Dr. Montville takes pride in his courses and goes to great length to make them interesting and sometimes, even entertaining.  One doesn't have to be a "rocket-scientist" to understand the science of food.


Chickens can carry a tune as well as salmonella.

The Science of Food Class Web Site

This 100 level undergraduate course introduces students to the concept that there is science in foods.  Using activities such as "Guess the expiration date"  "Reward-reinforced class participation" and songs by U.C. Davis' Carl Winter, the class covers principles and practices involved in food quality, microbial safety, nutrition, deterioration, preservation and current controversial topics in food science.  Coverage of current issues in food science, such as "mad cow" disease, dietary supplements, the obesity epidemic and anything else that is "hot" links the course to the real world. Given in the spacious food science auditorium every Fall to a standing room only crowd.

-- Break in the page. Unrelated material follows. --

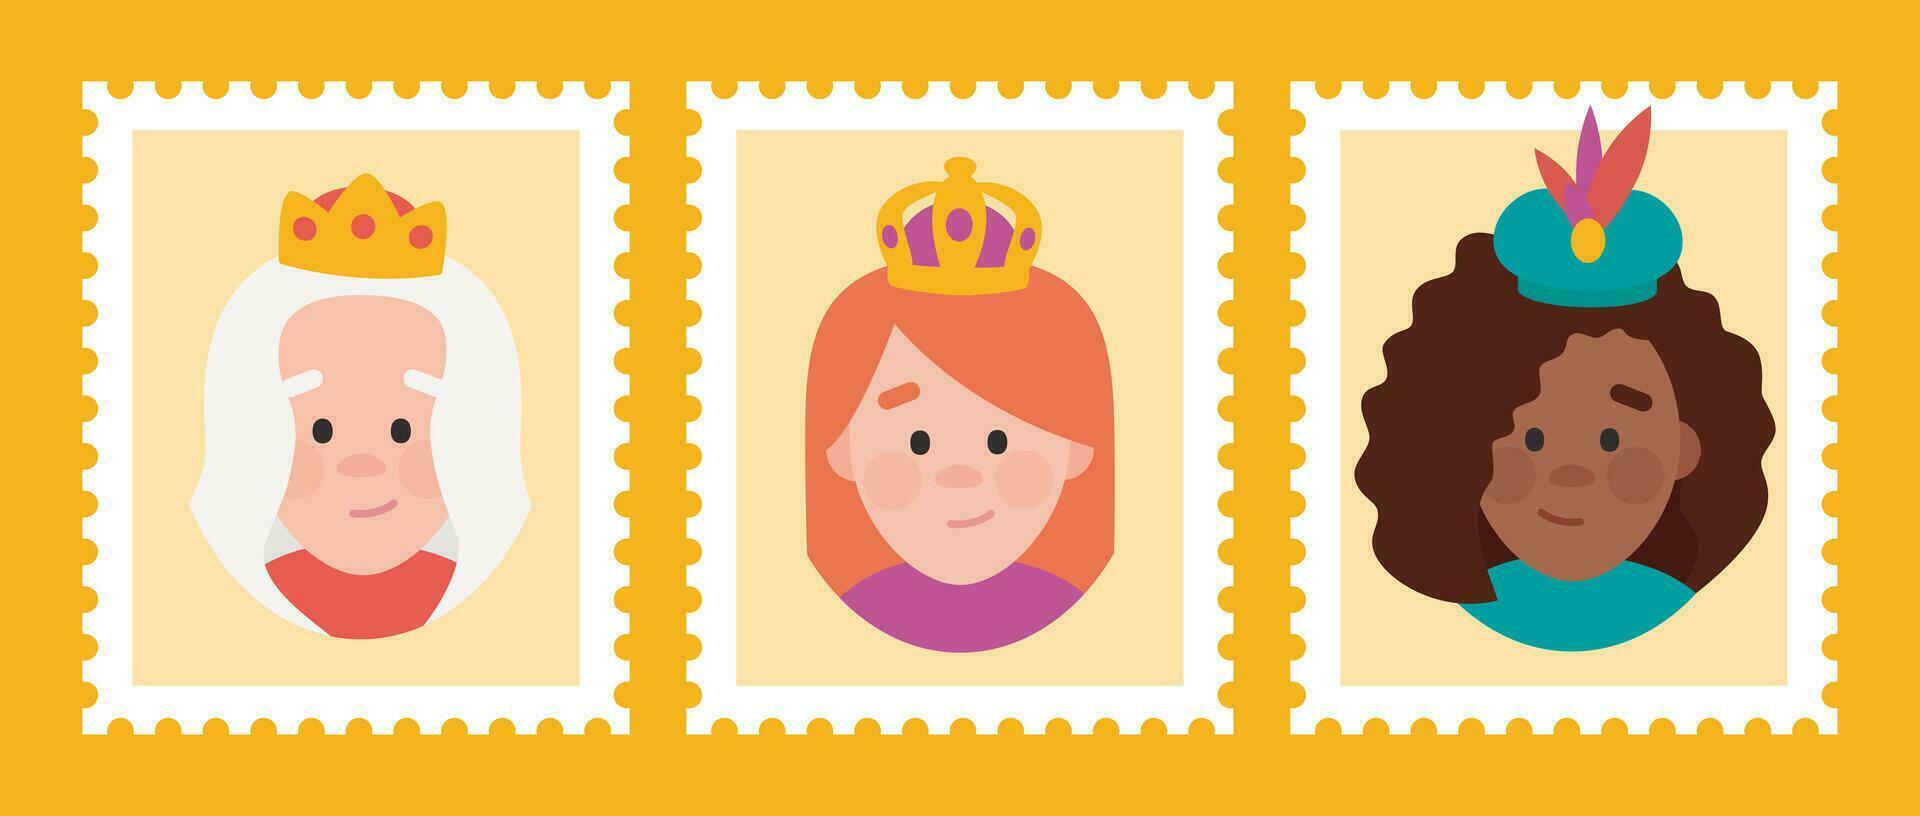 Funny yellow Stamps packs of the wise women. The three Queen of orient, Melchiora, Gasparda and Balthazara vector

Dr. Montville holds samples used in "Guess the Expiration Date" while modeling his extensive knowledge of the digestive tract.

Microbial Fermentation in Food Biotechnology

Graduate students acquire both factual information in the area of food biotechnology and some sense of the process by which industrial microbiology is conducted in the food industry and related fields. An underlying premise of the course is that the microbe is the fundamental actor in the fermentation or biological process. Therefore, special emphasis is given to the metabolic regulation of biochemical pathways leading to important fermentation products, and differences between E. coli and the Gram-positive organisms used in food fermentations. Fermentors as laboratory tools, new microbial technologies, and novel approaches to the use of microorganisms are introduced. Philosophical and pragmatic differences between food biotechnology and other areas of biotechnology are an underlying theme of the course. Taught in alternate years..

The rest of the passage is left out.